Participants may not be enrolled if they meet any of the following exclusion criteria:
1. A clinical relapse within the prior six months. NA-SPMS and PPMS participants may
not have had a history of gadolinium enhancing lesions within the prior 24-months.
2. History of significant major medical condition(s) that may interfere with the
conduct of the EAP or interpretation of the EAP results as determined by the
Investigator.
3. Based on the Investigator's judgment, participants who may have difficulty complying
with the protocol and/or study procedures.
4. History of any clinically significant abnormality in hematology, blood chemistry,
ECG, or physical examination not resolved by the Screening/Baseline visit.
5. Participant has clinically significant findings at the Screening/Baseline visit on
standard hepatic, hematologic, or renal safety assays, including but not limited to:
(i) ALT or AST ≥ 3 times upper limits of normal, (ii) direct (conjugated) with
bilirubin ≥2 times upper limits of normal, (iii) Child-Pugh Classification B
(moderate) or C (severe), (iv) low platelet counts (< 150 x 109 per liter), (v)

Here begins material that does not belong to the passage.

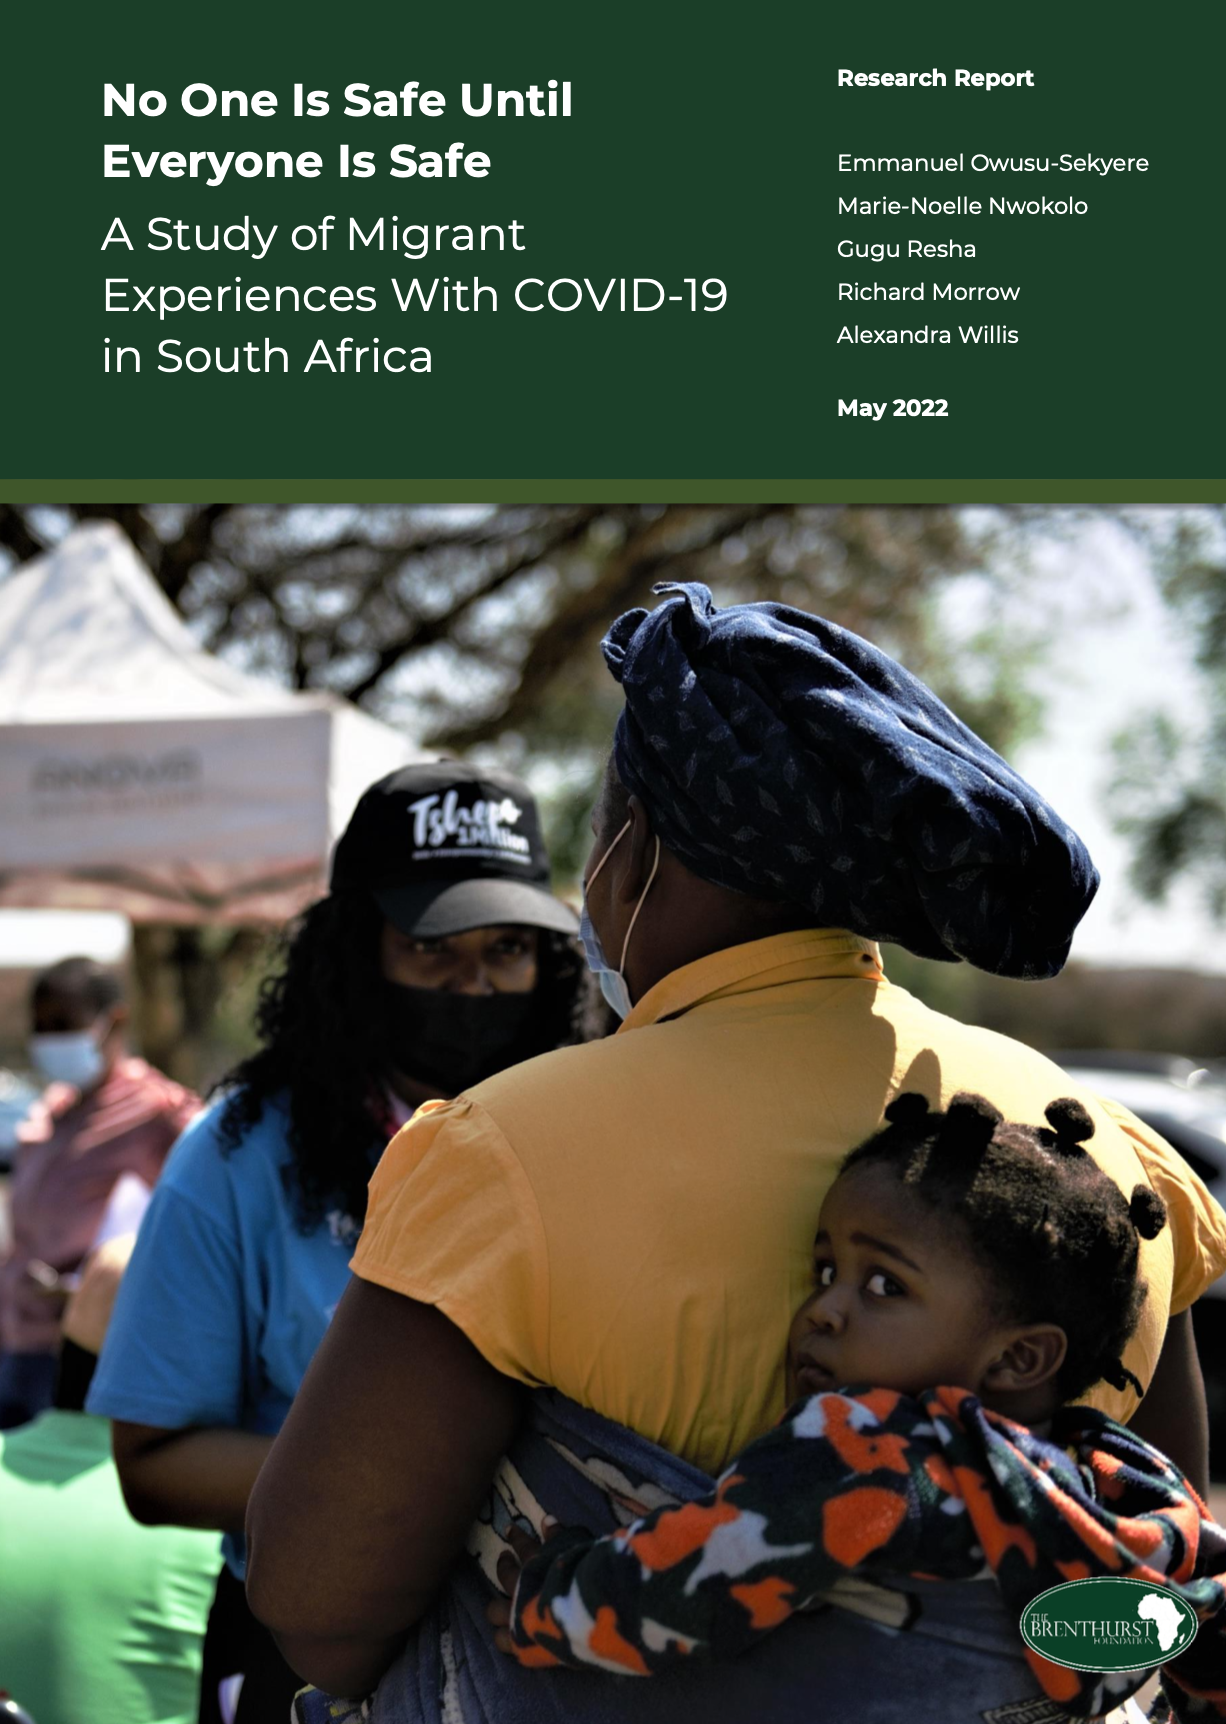 No One Is Safe Until Everyone Is Safe: A Study of Migrant Experiences With COVID-19 in South Africa

eosinophilia (absolute eosinophil count of ≥ 500 eosinophils per microliter), (vi)
serum creatinine >1.2 mg/dL, or (vii) eGFR < 45 ml/min per 1.73 m2.
6. Females who are pregnant, have a positive pregnancy test, are nursing, or who plan
to get pregnant during participation in the EAP or within 6 months of the ending
participation in the EAP.
7. Women of child-bearing potential, or men, who are unwilling or unable to use
accepted methods of birth control during the study and for 6 months following
completion of study participation.
8. Participants with a history of gold allergy.
9. Participant is considered a suicide risk in the opinion of the Investigator, has
previously made a suicide attempt, or is currently demonstrating any active or
intermittent suicidal ideation.
10. Participants with a history of any of the following: a. History of human
immunodeficiency virus (HIV), hepatitis C (HepC) virus antibody, or hepatitis B
(HepB) virus antibody without history of previous HepB vaccination. b. History or
evidence of substance abuse or alcohol abuse within 5- years prior to Screening,
including alcoholism; or severe tobacco use (>1 pack/day). c. Any history of
previous malignancy, with the exception of basal cell carcinoma of the skin or in
situ carcinoma of the cervix, post documented full resections, with clean margins.
11. Current treatment with immunosuppressive or immunomodulatory therapy other than
those approved for the treatment of MS.